I've got to play devil's advocate a bit here - personally, I don't think games are even close to creating the same emotional impact that a really great movie can. Some games have come close, and I'll mention some of my favourites in a minute, but that's a tiny, tiny minority compared to the vast number of films that can create a huge emotional impact.
I've yet to see a game that really challenges the impact and emotions stirred at the end of 'Once upon a Time in the West' or at finding the graveyard in The Good, the Bad and the Ugly. A game that made me almost cry the same way that the suicide scene in MASH did, or the haunting telephone call in Taxi Driver. I can't recall any game really feeling as exciting as when that sword comes out at the end of Kill Bill. I don't think there's been a game that creates the same unending, hopeless sense of tension that Army of Shadows or Key Largo creates. Nothing in GTA really makes me feel the same sense of amazement watching the main characters enter the bar on a date in Goodfellas... I could go on, and I really could go on for 1,000, even 10,000 movies, but you get the idea.
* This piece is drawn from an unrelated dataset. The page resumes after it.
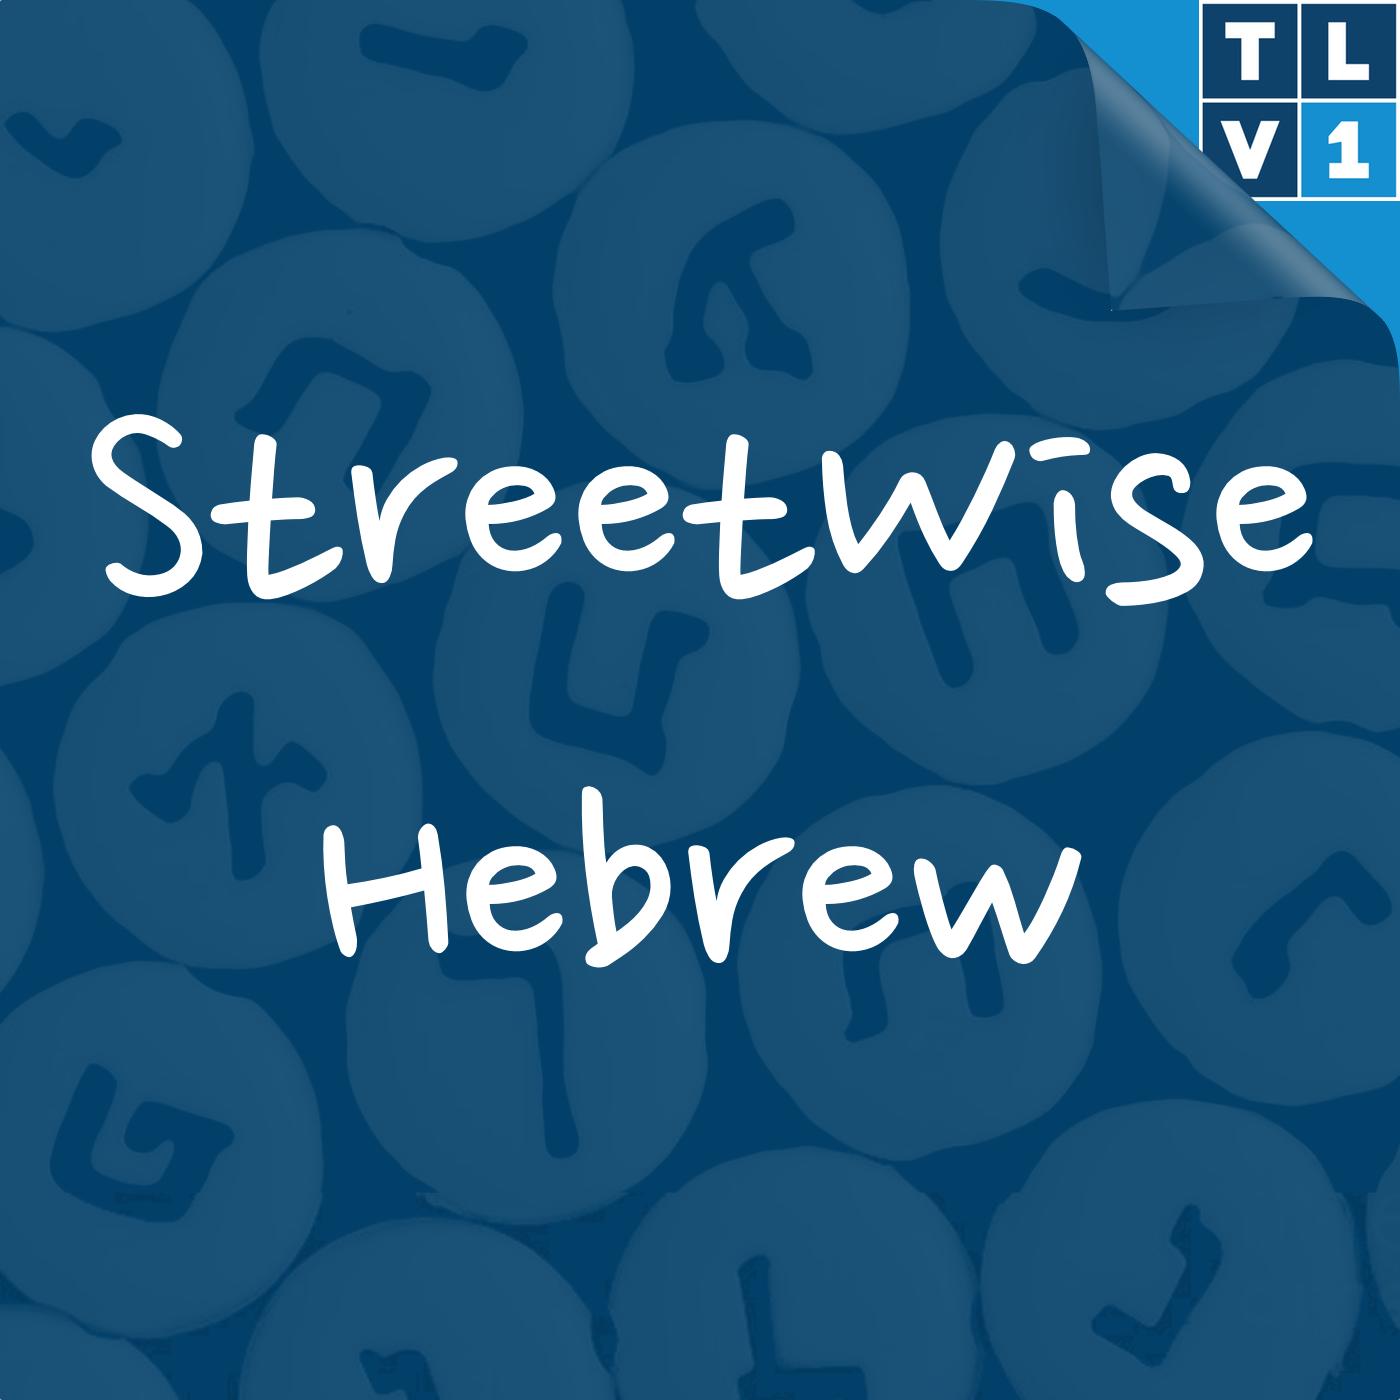 Streetwise Hebrew show art

But my main point is this - who fucking cares? The problem with compared a movie to a game is that the two aren't doing the same thing. There are similarities but they aren't the same. But criticising games for not being the same as movies it's just an excuse for gamers to tie themselves into knots defending the hobby they enjoy.
A movie has a huge amount of interest in creating an emotional reaction - because that's all it can really do. Whether it's excitment in an action scene, blubbering during a romance or tension in a Hitchcock thriller - there's nothing else to do. A movie can't suddenly let you try to save the life of someone during an operation - it's got to construct a world and a perspective that is designed to twist emotions.
Now a game can still do this, but it's much harder. Perspectives change, angles, montages, pacing and rhythm are harder to maintain. The timing is harder - people drop in and out games rather than watching them in one go. To be fair - games do have less emotional impact - but when they do, it's been fucking earnt.
But the biggest problem is that without pointing out everything else games do - the challenge, the pure activity of playing the game, the sense of fun and freedom - then it's just games trying to justify themselves by the standards of a different medium. It's a deadend arguement designed to let movie snobs win.
However, saying all that, I really did feel overwhelmed by Silent Hill 2 - especially as it became clear how the plot was playing out and the revelation about the events in the game in BioShock was amazing! - Easily up there with the Usual Suspects for me.
So, I think games can have an emotional impact - but it shouldn't be expected or a problem when it isn't there, just part of an overall experience much broader and much more fulfilling in the long run than most films.
Although I would argue that games do need to grow up a bit (if they want to create a real emotional impact) - the holocaust scenes in Band of Brothers are so moving and when they had to take the food from starving, dying, survivours and lock them back into the camp... A game could do the same and could have the same, or even more impact, but that's not going to happen in the next CoD is it? Instead you'll just be blowing away 1,000s of Nazis and Japs again.
So, I reckon it's fine that games do different things than movies - I just think they could also maybe grow up a bit and try a bit harder to have more of an emotional impact, but it's by no means necessary, at least in my eyes.